Bridge in Fairmont, West Virginia, US

The Robert H. Mollohan–Jefferson Street Bridge, also known as the Million Dollar Bridge or High Level Bridge, is located in Fairmont, Marion County, West Virginia. It was dedicated on May 30, 1921. This bridge connects east and west Fairmont, and crosses the Monongahela River. It was listed on the National Register of Historic Places in 1991.

== History ==
in 1916, Manufactures Record published an article saying that Fairmont, West Virginia had issued a $400,000 bond to build two concrete bridges to replace the mid-19th century suspension bridge. Because the actual cost of the bridges was significantly higher, this project was called the "million dollar bridge."

Once plans were prepared, Manufactures Record published a drawing and statistics: 1,320 ft long, 56 ft wide; with three reinforced concrete arches that each have two ribs and a clear span of 250 ft.

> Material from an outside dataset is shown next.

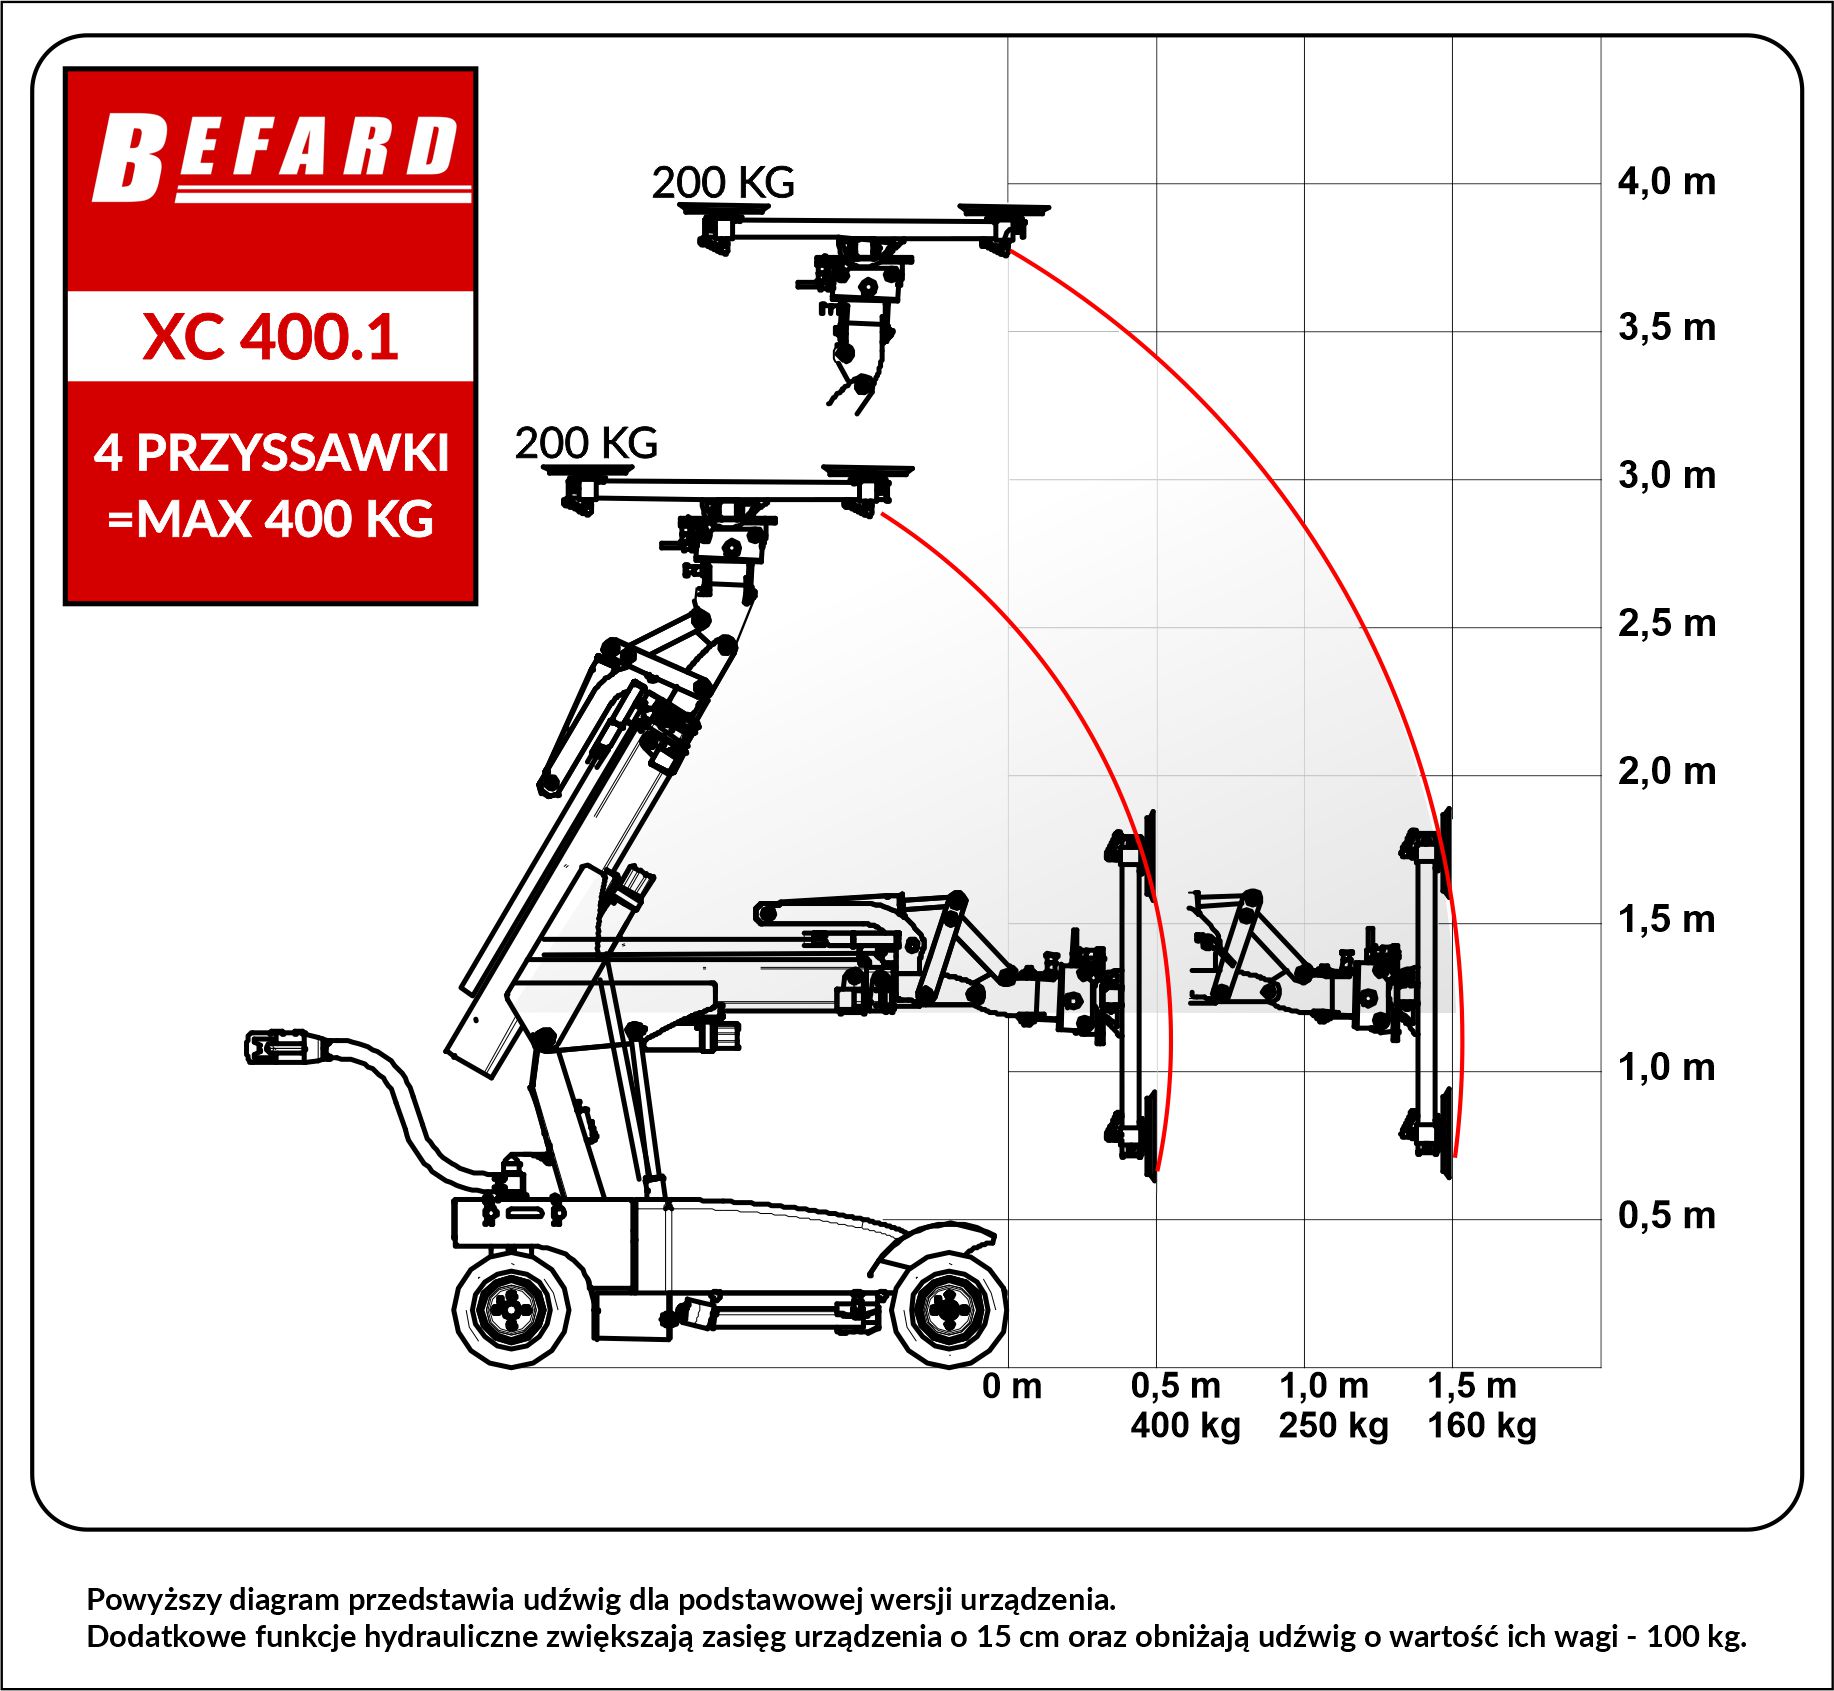 Robot montazowy do okien XC 400.1 diagram udzwigu
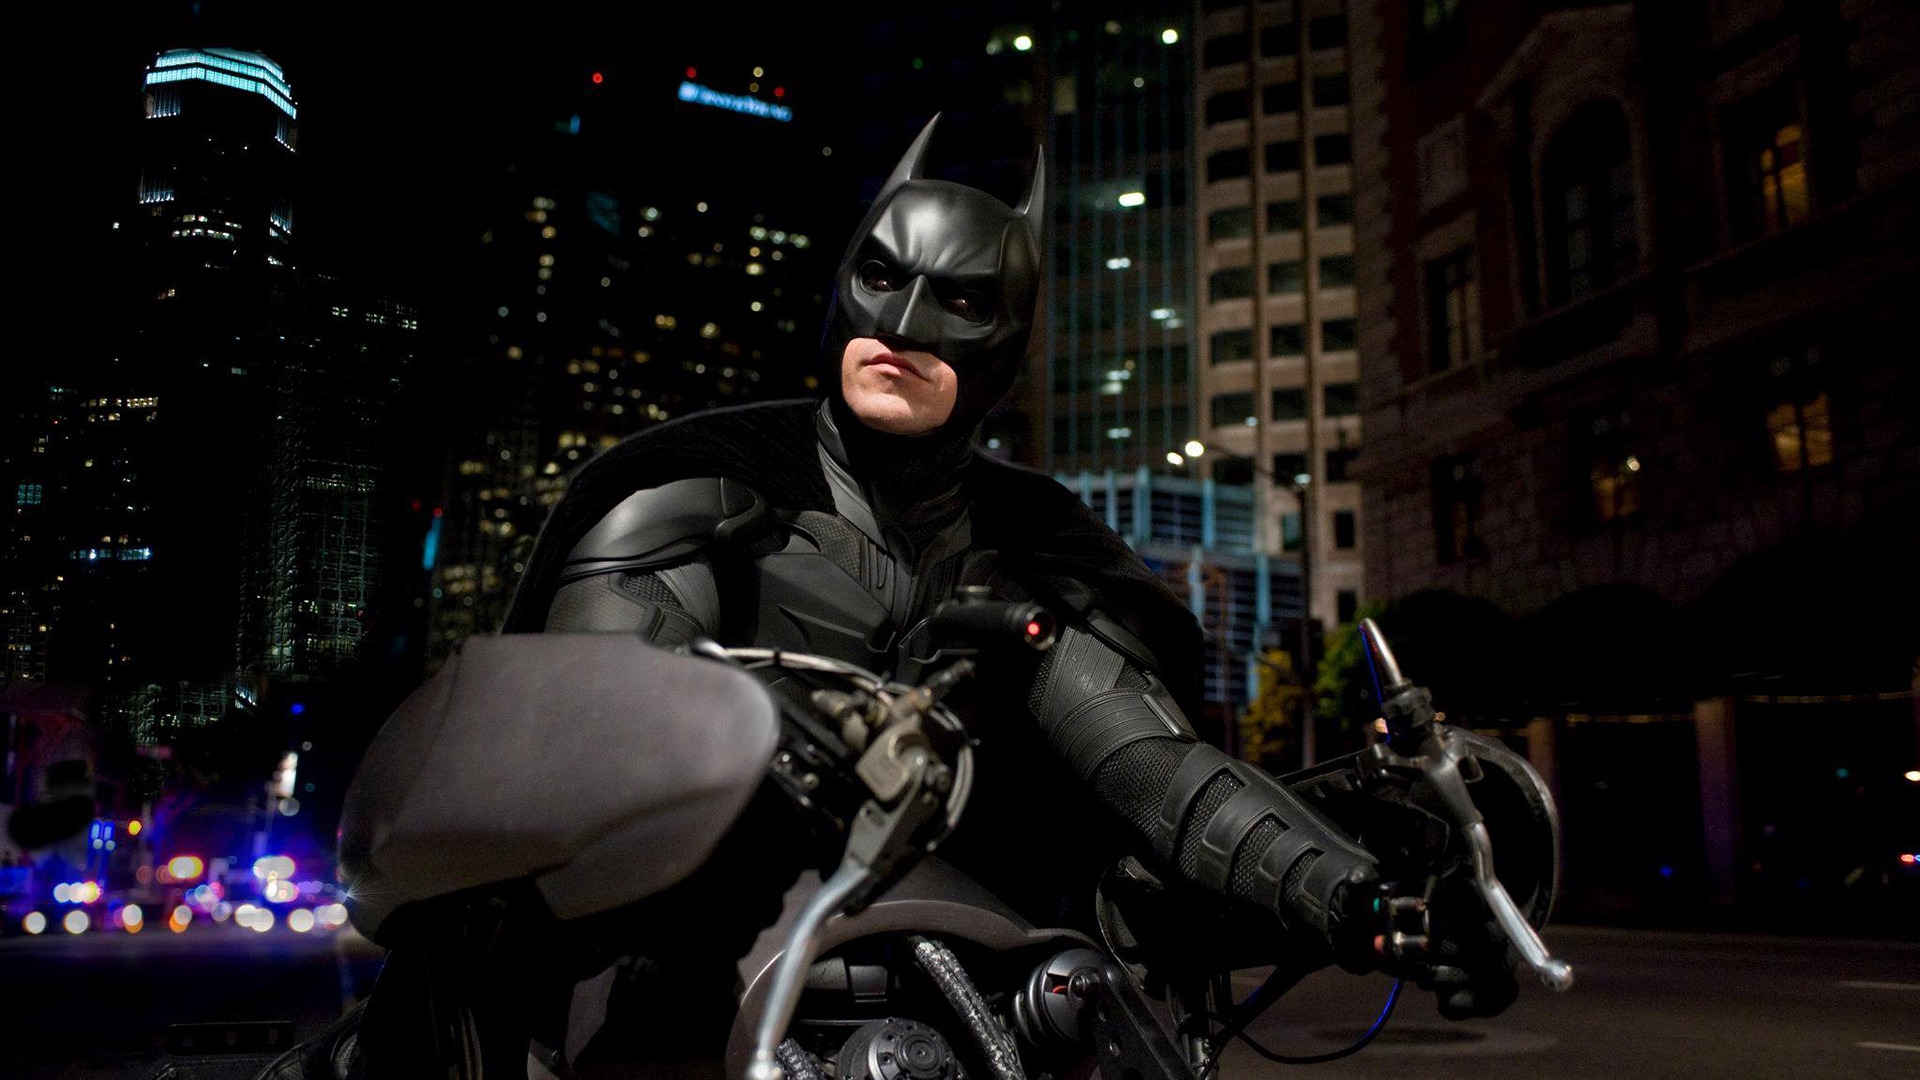 Batman on Bike for 1920 x 1080 HDTV 1080p resolution

George Carnegie Palmer and Henry Hornbostel of the New York City architectural firm Palmer & Hornbostel were consultants to the Concrete Steel Engineering Company for the design of the bridge. Palmer & Hornbostel gave "the bridge thirty-three concrete obelisks supporting bronze light fixtures, an open balustrade, and four balconies with flagpoles. Below, three large segmental arches with open-rib spandrels evince a happy marriage of engineering and architecture." The bridge opened in 1921.

After falling into poor repair over the years, it was preserved, repaired, and reopened in October 2000. The bridge is now a significant historic landmark in the city. It is still the largest reinforced concrete arch bridge in West Virginia.